No matter how hard he tried, he could never convince his community to help. His own family didn't care either. He had become a lone wolf. Swimming through the murky cerulean blue waters, his mind clouded with these thoughts as he held onto the last piece of trash for the day. It was a cotton 'stick', pink in color.

Maybe it was these bright colors that attracted the intellectuals to use these cancerous commodities, he thought.

He was tired. Physically. Mentally. His mind raced with all the thoughts of the sea, before it was impure. His home. He never wanted this. He never wanted to devote a life to picking garbage. He wanted to spend time with his family. He remembered the time when he would play for hours in the reef, with his friends. Now all that remained in the reef were indestructible bags of some sort, the kind his mind could not comprehend.
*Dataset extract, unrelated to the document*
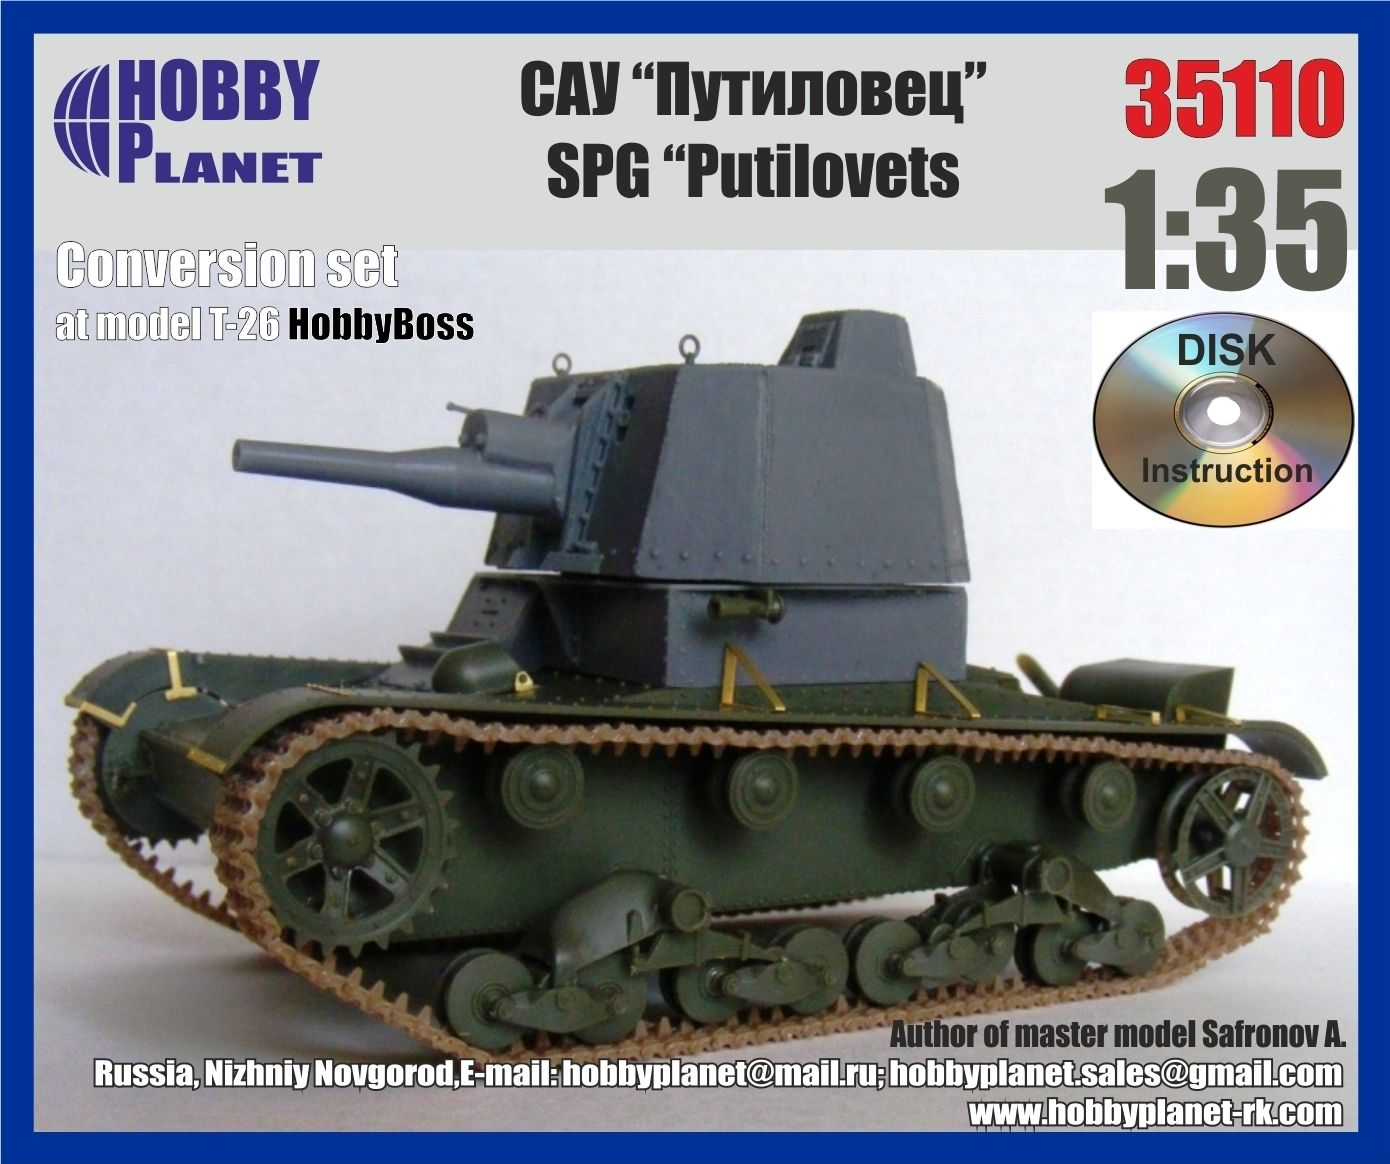 35110 Soviet SPG Putilovec Image

The reef was still colorful, but only because of the colors of these bags.

 Sadness would overtake him at times, rendering him useless in front of this undeniable fate his whole community was facing, but he would decide to keep trying. He would keep trying to change everyone's mind. He would keep trying to save his home. He wanted a future free of these worries, for the future of his kind. Even at the cost of his life, he had to try.